Young People Waiting Longer as Mental Health Services Struggle

9 February 2023 News
Tiles depicting the words 'Mental Health'

Mental Health services for children and young people continue to struggle following the pandemic, meaning some children are now waiting over a year for their first appointment, the NI Children’s Commissioner has said.  

A monitoring report published by the Commissioner today also showed that in March 2022 there were 2106 children waiting for CAMHS, the highest number since NICCY started monitoring waiting times in 2017. 

“The on-going impact of the pandemic had meant that children’s mental health continues to be of serious concern and that services are not able to meet that need,” Koulla Yiasouma said. 

“The latest statistics show that there were 47 children under 4 referred to CAMHS. It’s also alarming that for the first-time children are now waiting over a year for an appointment. That is unacceptable.” 

The Commissioner was speaking following the publication of the fourth and final monitoring report of recommendations made in ‘Still Waiting’, a Rights Based Review of Mental Health Services and Support for Children and Young People, published in September 2018. 

NICCY’s 50 recommendations, which were informed by young people, professionals and data, were aimed at improving access to Child and Adolescent Mental Health Services (CAMHS), raising mental health awareness and improving the transition from child to adult services. 

“The publication of Still Waiting was a significant moment for NICCY set our method of working, that publication of rights-based reviews would only be the beginning of the work – effective implementation would be the goal,” Koulla said. 

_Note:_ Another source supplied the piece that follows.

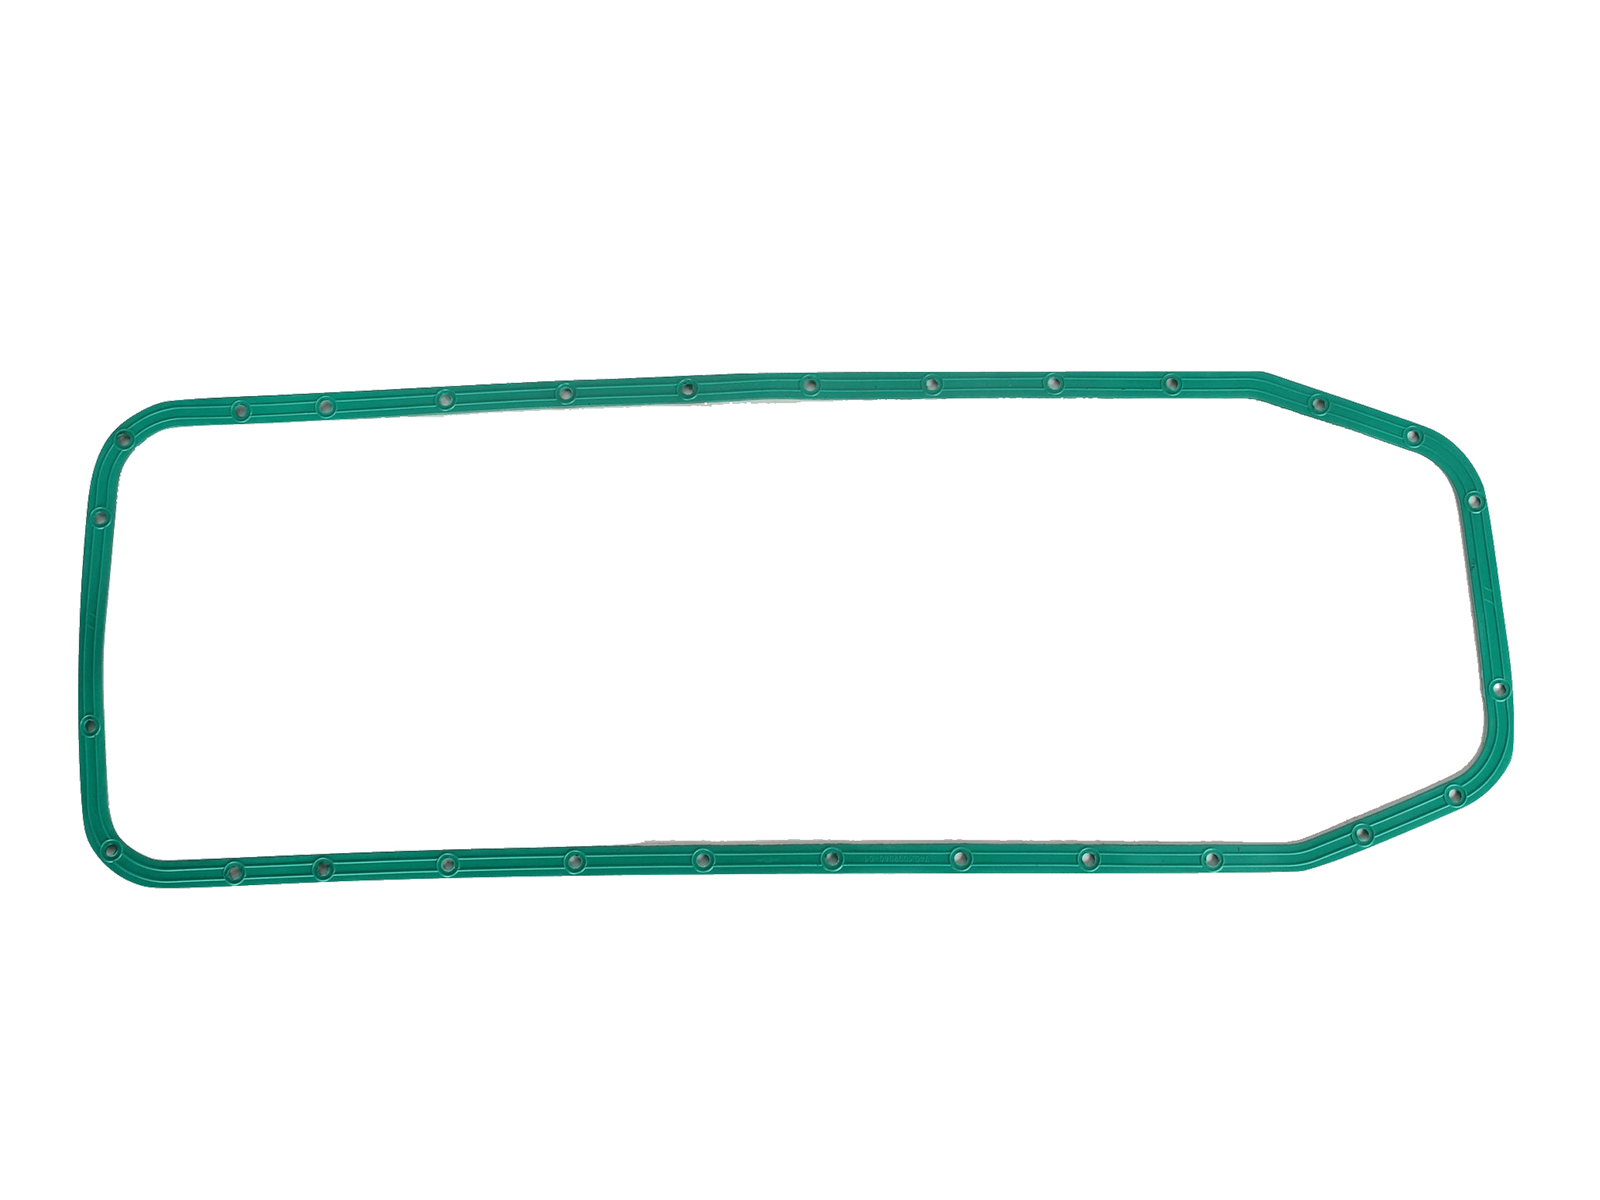 Прокладка КАМАЗ картера масляного МБС зеленая с металлическими вставками АВТОРЕСУРС фотография №1
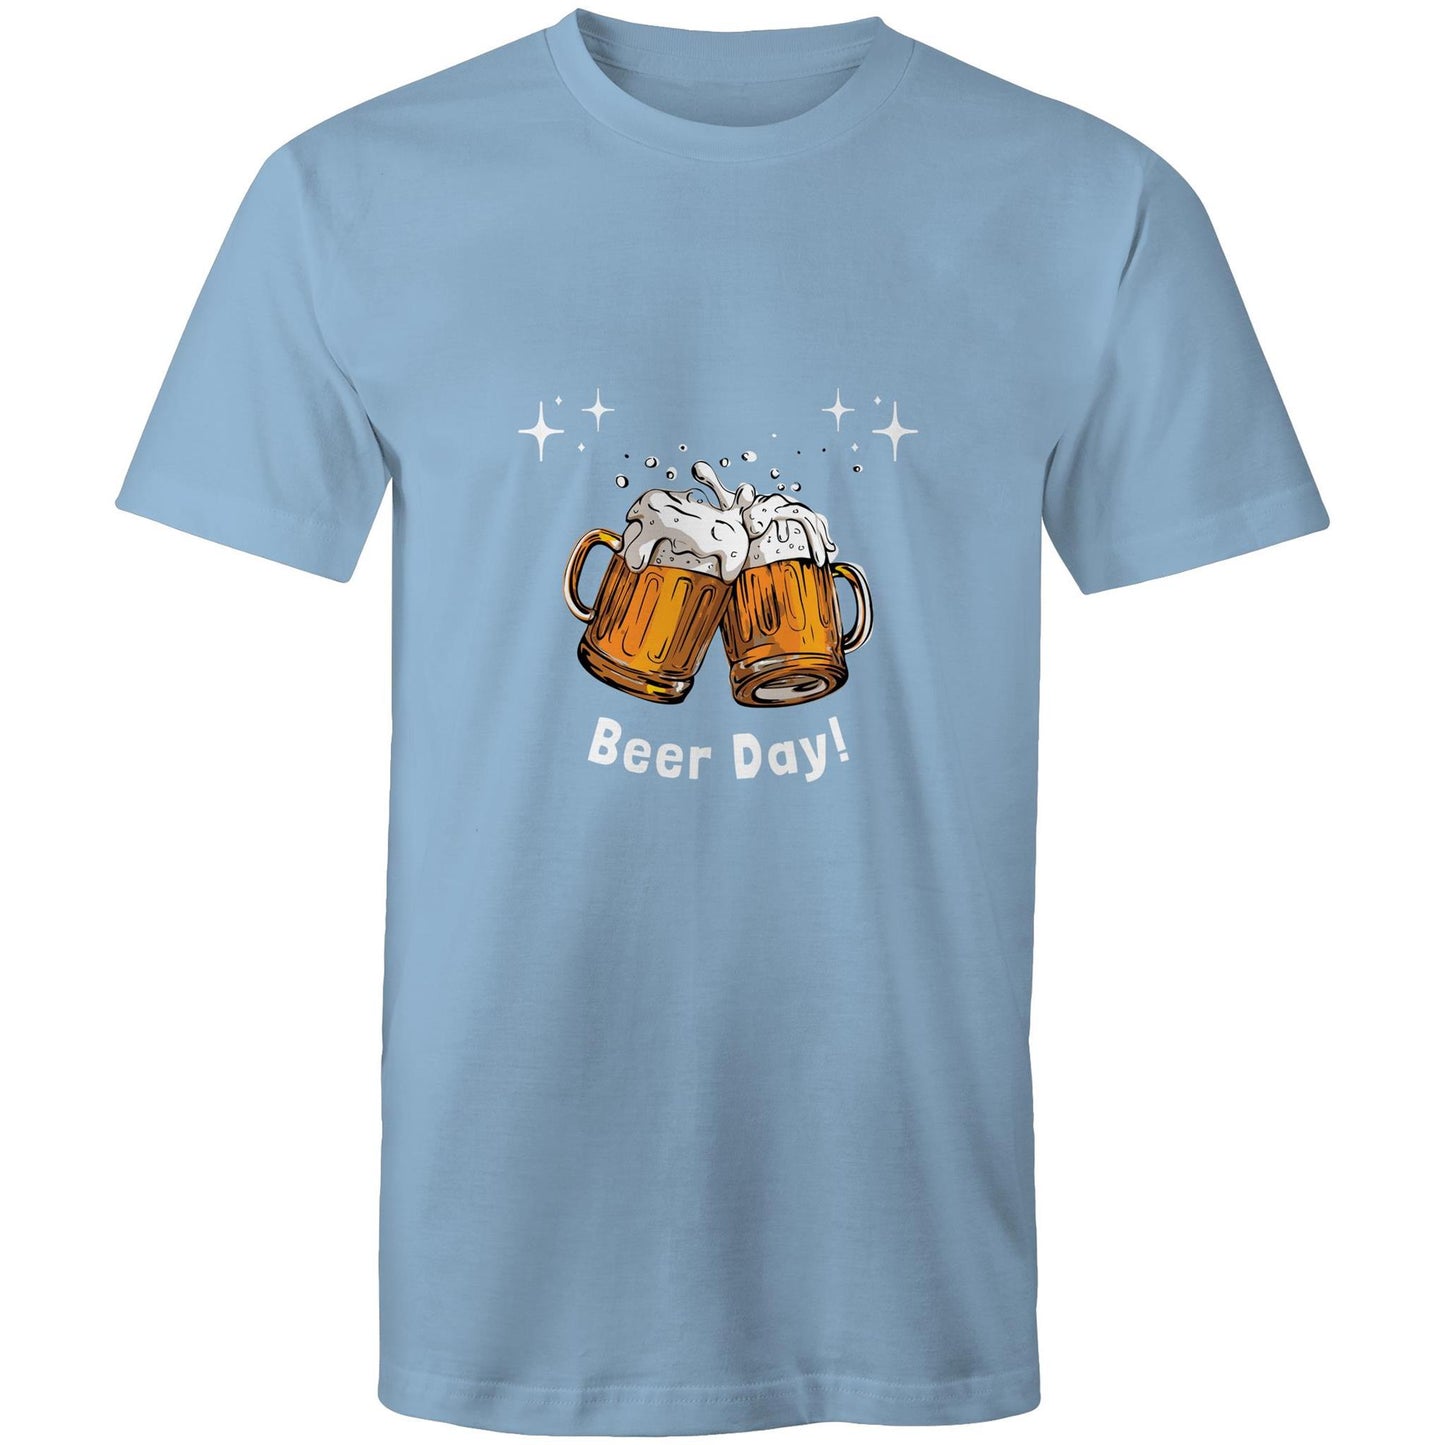 Beer Day - Mens T-Shirt

“I have been really pleased with the way that government have tried to work together under the leadership of the Department of Health to develop the action plan. I hope that this model continues into the future.” 

A ‘Still Waiting Action Plan’ (SWAP) was developed by an inter-departmental group with representatives from government departments and members of the voluntary and community sector. 

NICCY has monitored the implementation of the SWAP annually since 2020. This role will pass to the Mental Health Champion following the publication of today’s fourth and final monitoring report. 

In line with her role, the Mental Health Champion will oversee the incomplete actions from the SWAP through her monitoring of the Mental Health Strategy. 

“I look forward to overseeing the implementation of the SWAP recommendations going forward as we continue to roll out the Mental Health Strategy and the Emotional Health and Wellbeing in Schools Framework,” Professor Siobhan O’Neill said. 

“The mental health of children and young people remains a key priority, services need to be improved and young people need to be able to access support at their point of need.” 

Today’s monitoring report also revealed that more than 47% of children and young people who are waiting to access CAMHS services are waiting beyond the 9-week time target and that approximately 3 in 10 young people who are referred to CAMHS are not accepted into the service, as it is deemed that CAMHS is not appropriate to meet their needs. 

It also showed a concerning rise in the number of emergency and urgent referrals (14% of all referrals) to CAMHS – with the number of children referred from emergency departments increasing from 484 in 2018/19 to 1,028 in 2021/22. 

The report notes that the commitment to increase CAMHS funding significantly has yet to be delivered. Rather than a planned additional £2.5 million allocation to CAMHS in 2022/23, a sum of £269,000 was provided instead.   

The Children’s Commissioner said that although progress has been made on the SWAP, there is still a significant amount of work to be done and major concerns about the funding available. 

“I am confident that if the plans and service models are backed up by sufficient funding and mental health workforce resource, then these will translate into tangible improvement in outcomes for children and young people,” she said.  

“This ongoing change process must have robust and transparent service activity data and outcome measurements embedded into it and be driven by the views and experience of children, young people and their adult advocates (parents, carers and practitioners). However, the current budgetary crisis and absence of political institutions will result with the much slower progress to the detriment of our children and young people.   

“I am confident that the Mental Health Champion, civil servants, statutory and voluntary agencies and of course NICCY will continue to work with children and young people to ensure that they receive their right to the highest standard of health care.” 

Concluding, the Commissioner called for funds to be ringfenced for CAMHS provision and emotional wellbeing services in schools:  

It is essential that funding is ringfenced for these important programmes, and to meet the commitments to increase CAMHS funding to 10% of the adult mental health funding.”